Linear Algebra Libraries

The core area of the math library market implements linear algebra algorithms. More specialized functions, such as numerical optimization and time series forecasting, are often invoked explicitly by users. In contrast, linear algebra functions are often used as key background components for solving a wide variety of problems. Eigen analysis, matrix inversion and other linear calculations are essential components in nearly every statistical analysis in use today including regression, factor analysis, discriminate analysis, etc. The most basic suite of such algorithms is the BLAS (Basic Linear Algebra Subprograms) libraries for basic vector and matrix operations. BLAS are divided into three separate levels. Level 1 contains functions that operate on two vectors; Level 2, on a vector and a matrix; and Level 3, on two matrices.
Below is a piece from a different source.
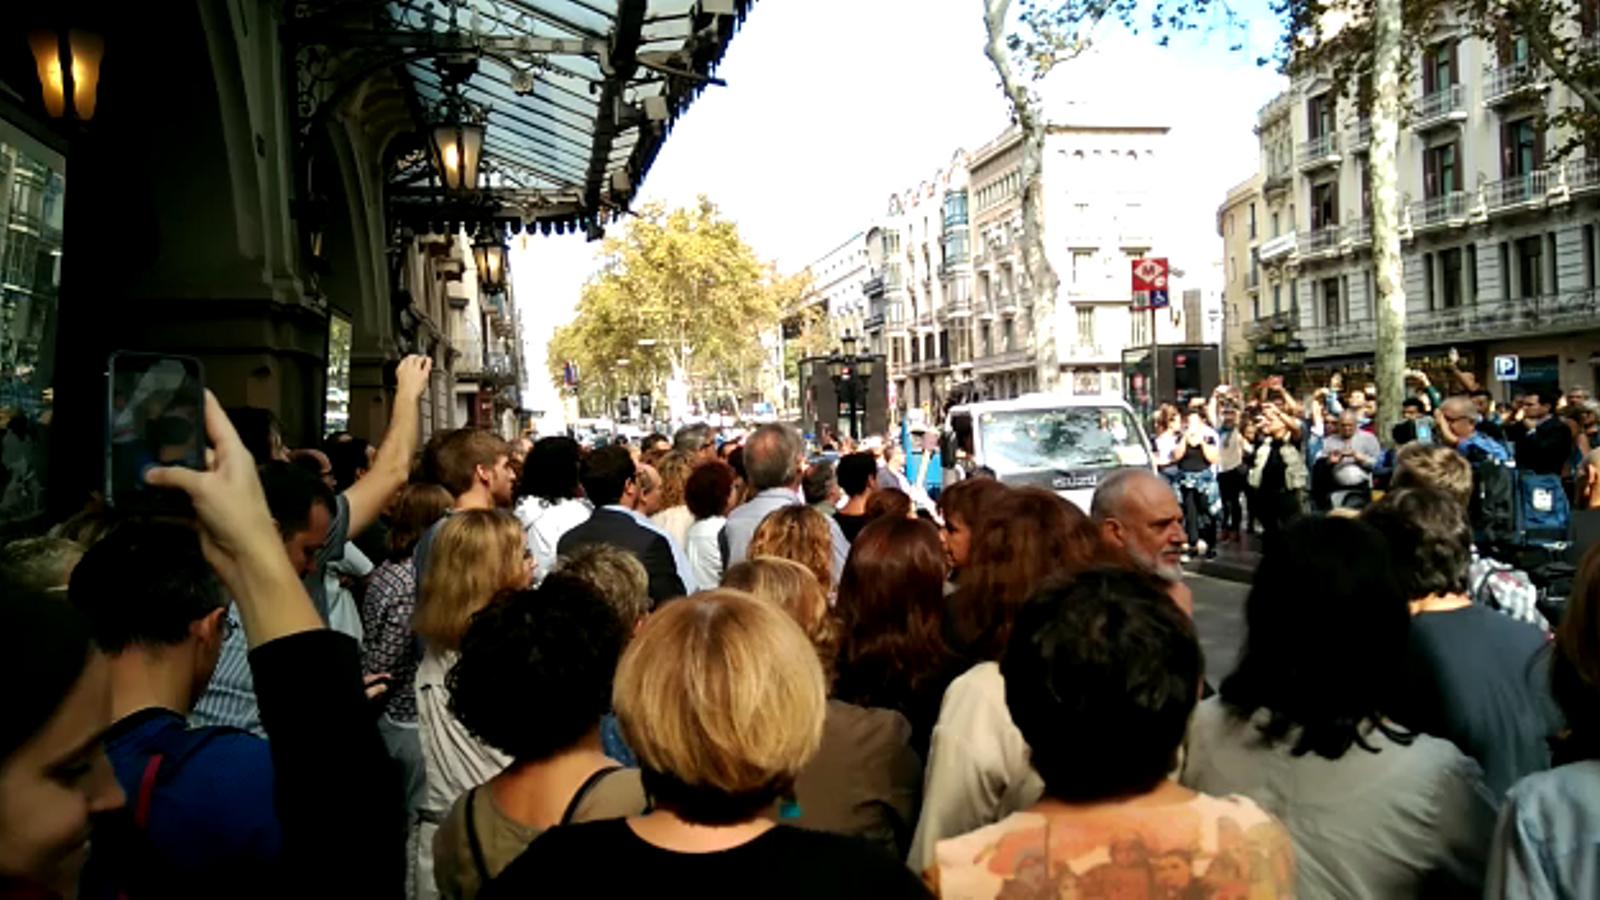 'Va pensiero'. Així han protestat el Cor del Liceu contra la repressió policial

In particular, scalar dot products would fall into Level 1, multiplication of a matrix by a vector into Level 2, and matrix-matrix multiplication into Level 3. BLAS implementations will be discussed later in this paper as parts of other broader libraries. One of the first such libraries to build on the BLAS foundations is the LINPACK library written in the 1970s. LINPACK has now been superseded by LAPACK (the Linear Algebra PACKage) which solves a wide variety of problems including solving linear systems of equations, least-squares problems, Eigen systems (superseding the earlier EISPACK), various decompositions and others.

LAPACK is a free library available as source code from the NetLib repository at . The source code is Fortran77, but LAPACK95 is also available in Fortran95. Prebuilt binaries are available for some environments including 32-bit Windows compiled specifically for the Pentium Pro architecture. To use LAPACK on Windows® HPC Server 2008 as a 64-bit library, a developer needs access to a Fortran compiler and will need to rebuild the library. Unfortunately, this is not always straightforward. For best performance, LAPACK should be used with a BLAS package optimized for specific hardware. NetLib supplies the ATLAS (Automatically Tuned Linear Algebra Software, ) package for this purpose. APIs for ATLAS are available in both C and Fortran77. ATLAS is included in many source software packages that extend functionality well beyond linear algebra, but require BLAS functionality. As with LAPACK, Windows HPC Server 2008 developers will want to rebuild the library from source for optimal performance.

GotoBLAS is a BLAS library available from the Texas Supercomputing Project in binary and source form. GotoBLAS claims to be the fastest available implementation of BLAS. The speedup in the library is obtained by optimizing Translation Look-aside Buffer (TLB) table misses, with less relative emphasis on optimizing the usage of L1 and L2 cache. GotoBLAS is available in Fortran source form, and it has been ported to a number of high-performance computing platforms. “Goto” is the name of the developer of the BLAS routines, Kazushige Goto. The GotoBLAS is being ported to the 64-bit Windows platform by Dr. Goto with the same excellent performance as the Linux version. Contact the Texas Advanced Computing Center () to obtain access to GotoBLAS.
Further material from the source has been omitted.